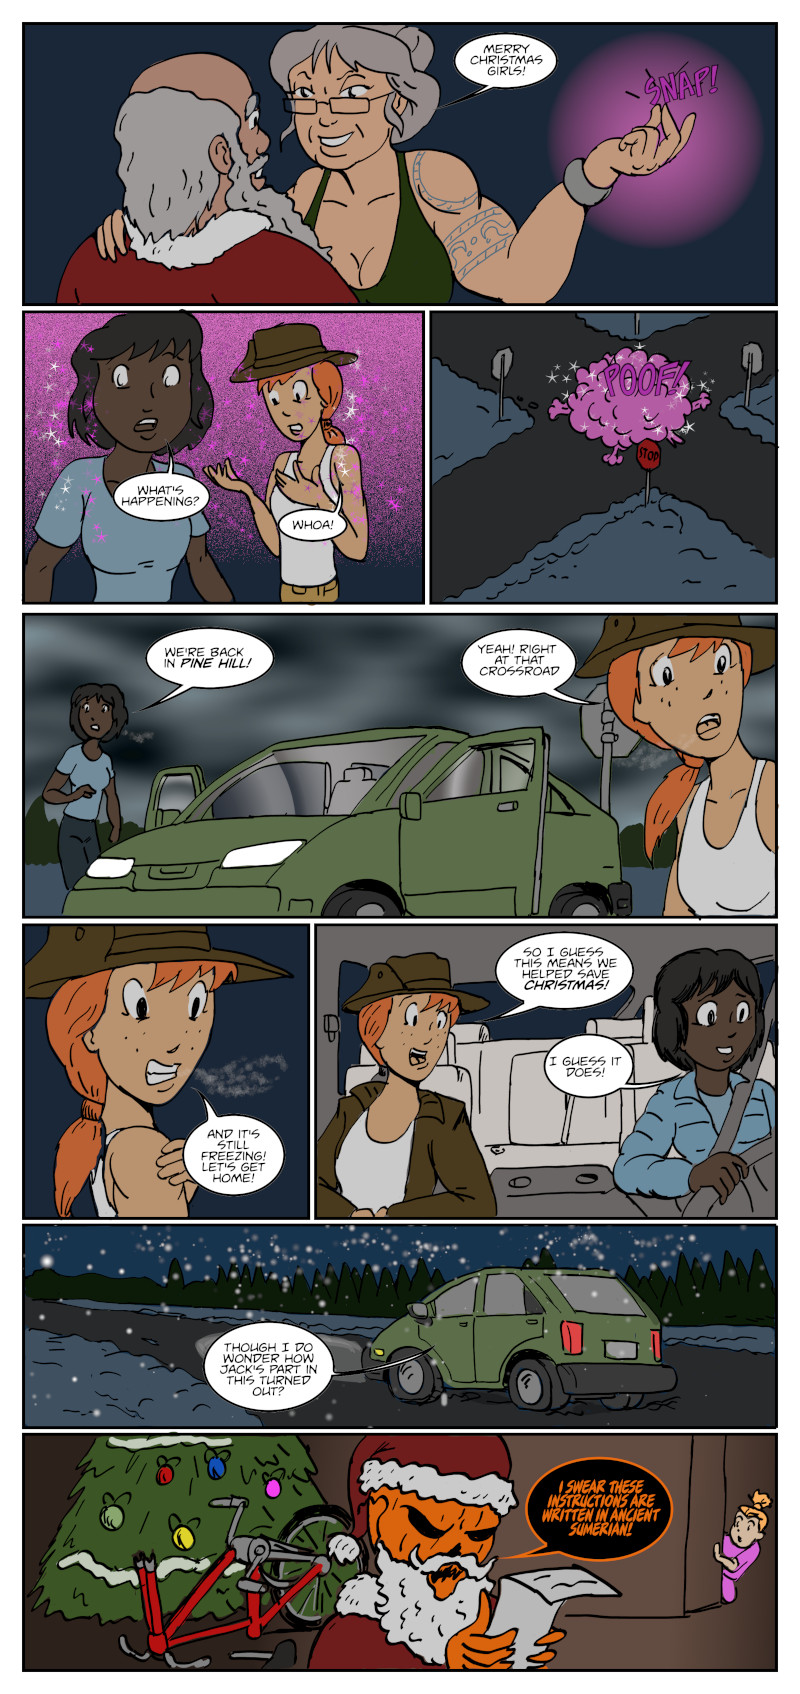 Pine Hill Creature Feature by Jay042 Page 7 of 7
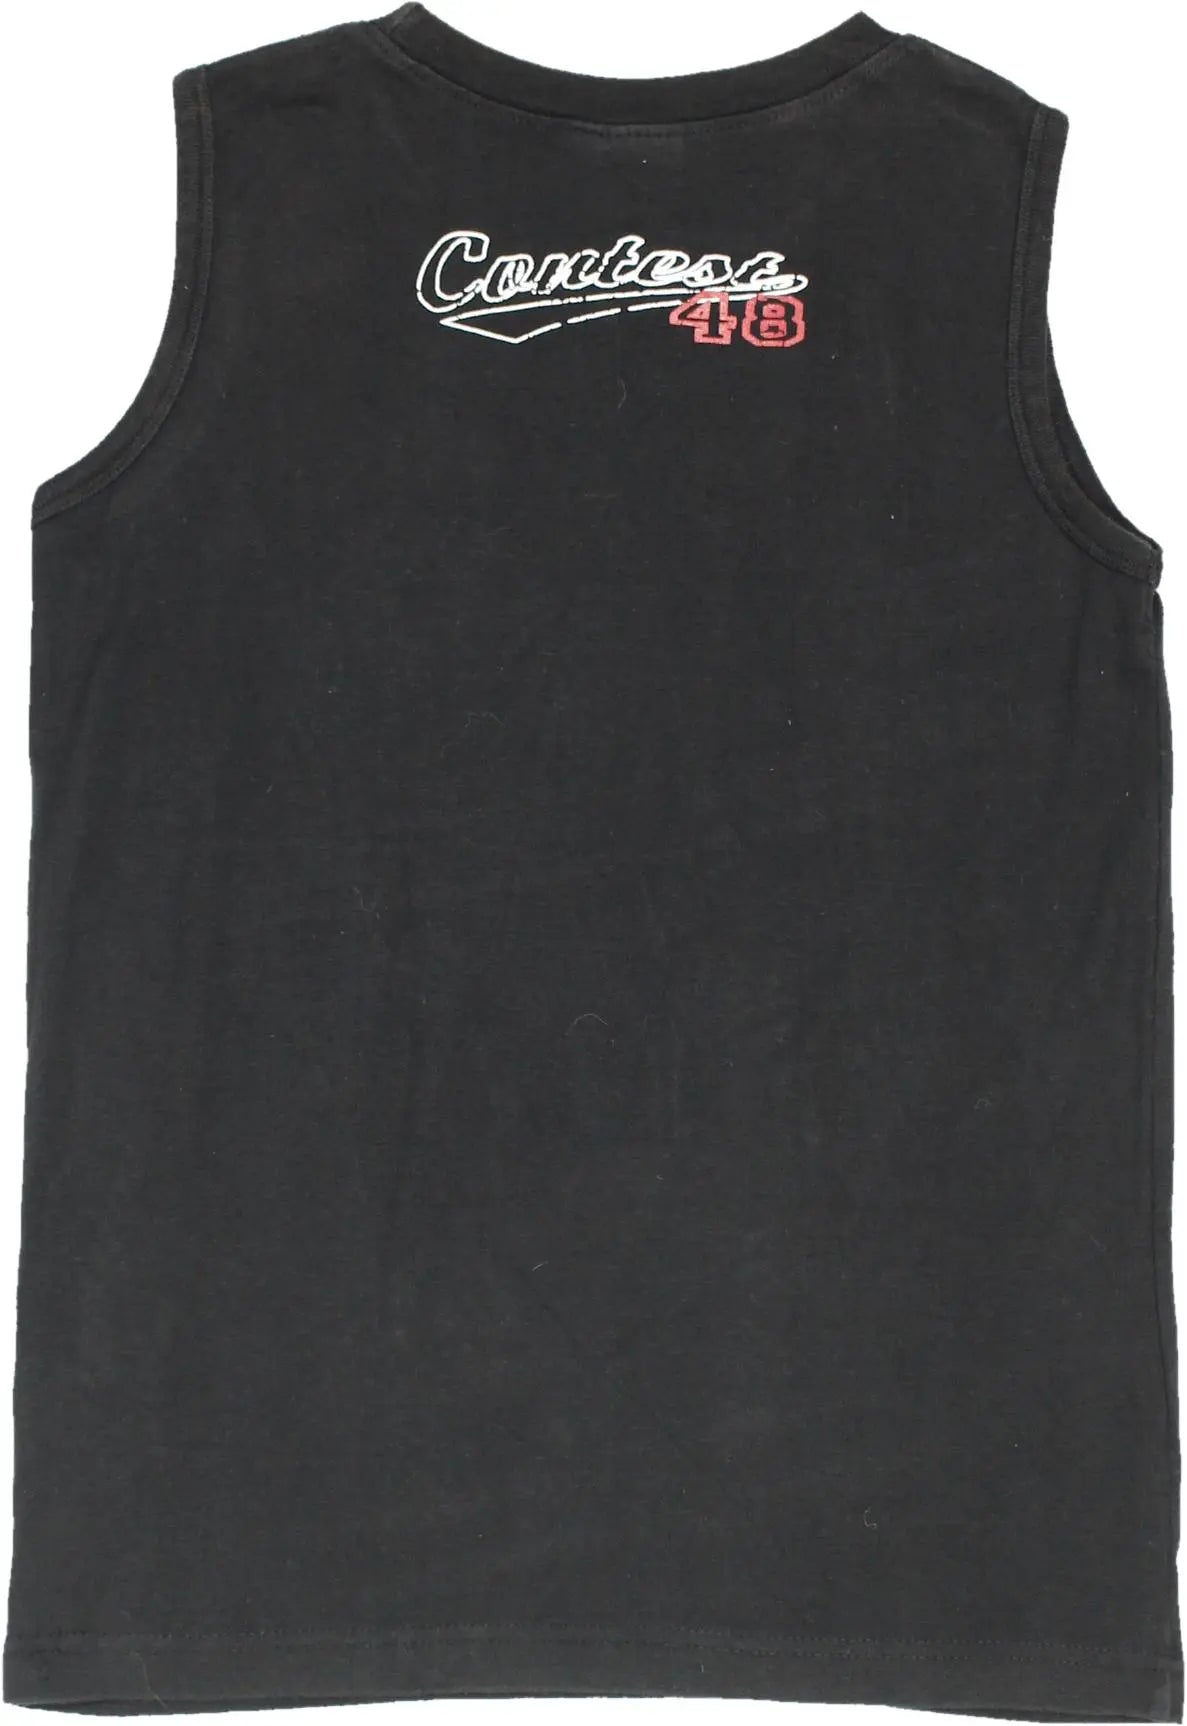 Europe Boys - Black Singlet- ThriftTale.com - Vintage and second handclothing
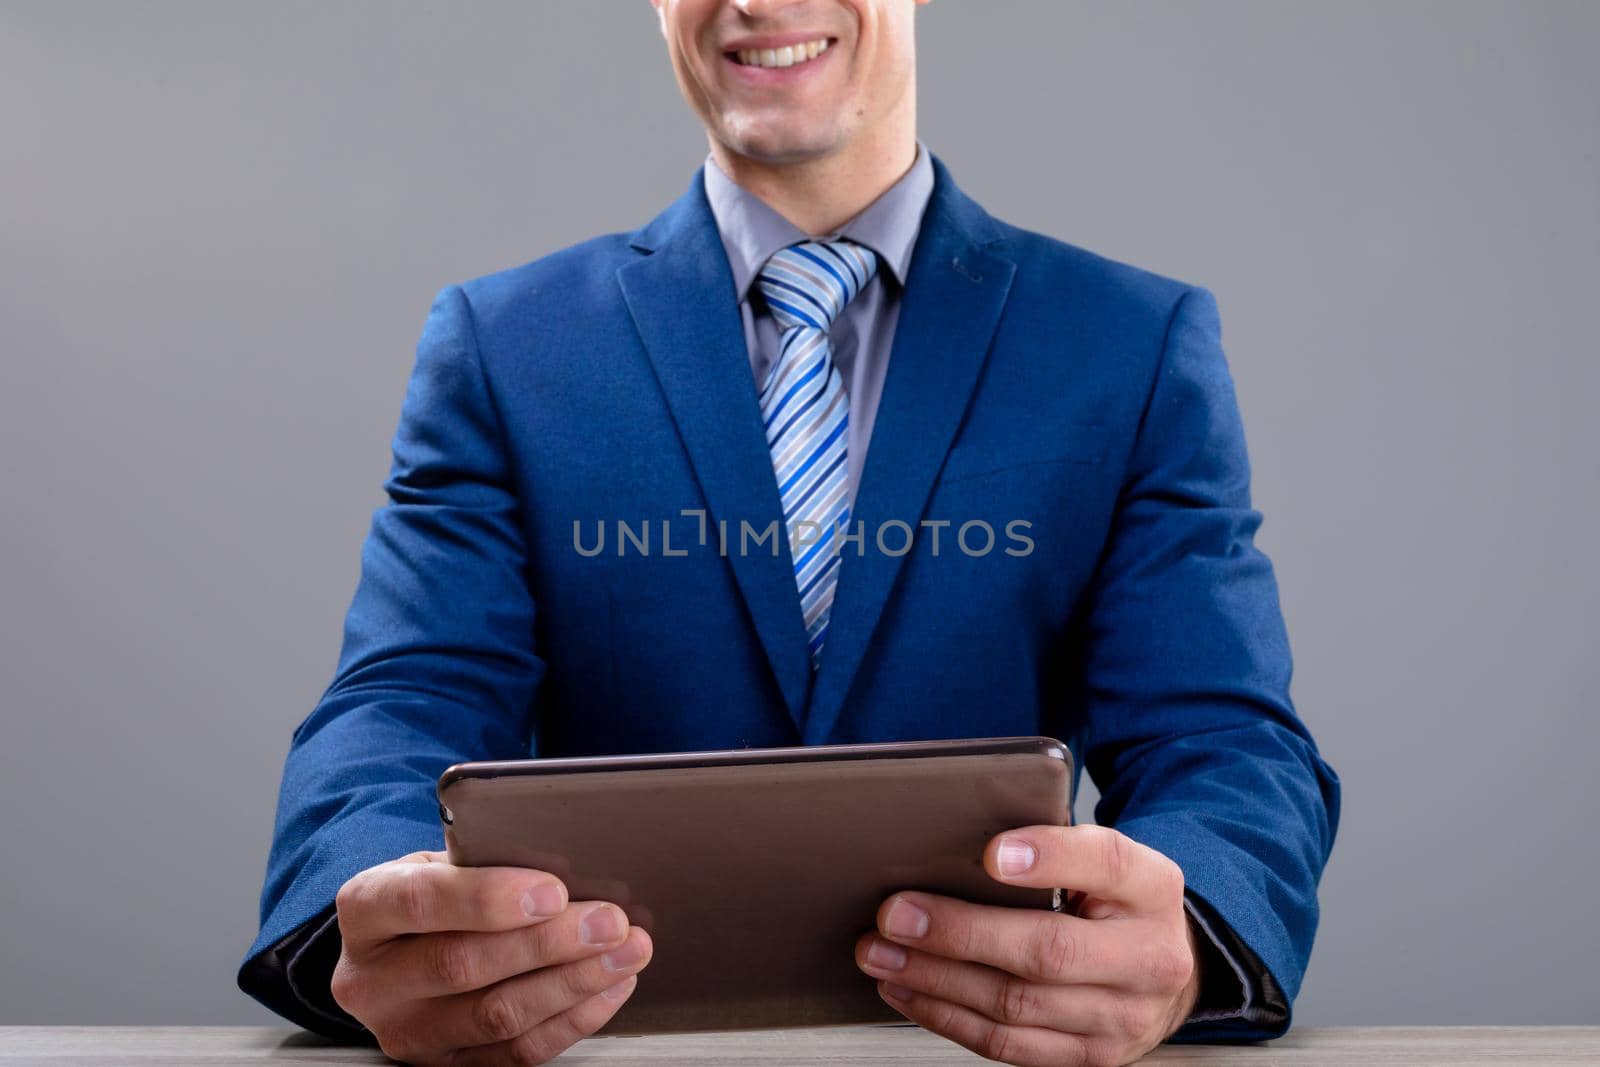 Smiling caucasian businessman using tablet, isolated on grey background. business technology, communication and growth concept.

·····

:: Problem description ::
Skipping all images, output the listing exactly.

:: Response area ::
 Pine Hill Creature Feature by Jay042 Page 7 of 7
 Europe Boys - Black Singlet- ThriftTale.com - Vintage and second handclothing
 Smiling caucasian businessman using tablet, isolated on grey background. business technology, communication and growth concept.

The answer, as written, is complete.